(Source data)

Start of Block

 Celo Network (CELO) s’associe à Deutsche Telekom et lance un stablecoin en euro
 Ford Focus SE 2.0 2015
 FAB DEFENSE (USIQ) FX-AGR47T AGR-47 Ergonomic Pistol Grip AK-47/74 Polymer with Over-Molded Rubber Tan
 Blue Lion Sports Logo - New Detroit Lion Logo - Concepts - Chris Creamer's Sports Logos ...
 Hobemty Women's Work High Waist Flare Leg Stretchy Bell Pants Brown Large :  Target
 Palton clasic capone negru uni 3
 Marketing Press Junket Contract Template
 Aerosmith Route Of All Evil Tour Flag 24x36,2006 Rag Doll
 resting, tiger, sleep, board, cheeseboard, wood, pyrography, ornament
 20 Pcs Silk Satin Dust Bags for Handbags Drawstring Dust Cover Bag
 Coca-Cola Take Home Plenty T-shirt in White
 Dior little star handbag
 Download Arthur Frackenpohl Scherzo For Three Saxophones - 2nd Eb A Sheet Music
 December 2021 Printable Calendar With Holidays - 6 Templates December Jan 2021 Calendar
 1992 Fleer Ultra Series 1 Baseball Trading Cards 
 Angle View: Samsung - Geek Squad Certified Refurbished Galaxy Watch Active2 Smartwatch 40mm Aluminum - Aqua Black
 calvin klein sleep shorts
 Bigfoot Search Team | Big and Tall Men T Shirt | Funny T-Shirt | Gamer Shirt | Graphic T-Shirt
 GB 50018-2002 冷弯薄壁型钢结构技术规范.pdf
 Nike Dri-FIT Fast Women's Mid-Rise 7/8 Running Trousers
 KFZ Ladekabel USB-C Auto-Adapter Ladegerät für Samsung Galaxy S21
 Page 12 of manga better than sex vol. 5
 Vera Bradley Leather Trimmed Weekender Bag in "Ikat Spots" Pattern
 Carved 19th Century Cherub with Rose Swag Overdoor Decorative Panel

End of Block

Only the lines from the one with "KFZ Ladekabel USB-C" through the end of the records above are to be copied, exactly as written.

Exercise output:
 KFZ Ladekabel USB-C Auto-Adapter Ladegerät für Samsung Galaxy S21
 Page 12 of manga better than sex vol. 5
 Vera Bradley Leather Trimmed Weekender Bag in "Ikat Spots" Pattern
 Carved 19th Century Cherub with Rose Swag Overdoor Decorative Panel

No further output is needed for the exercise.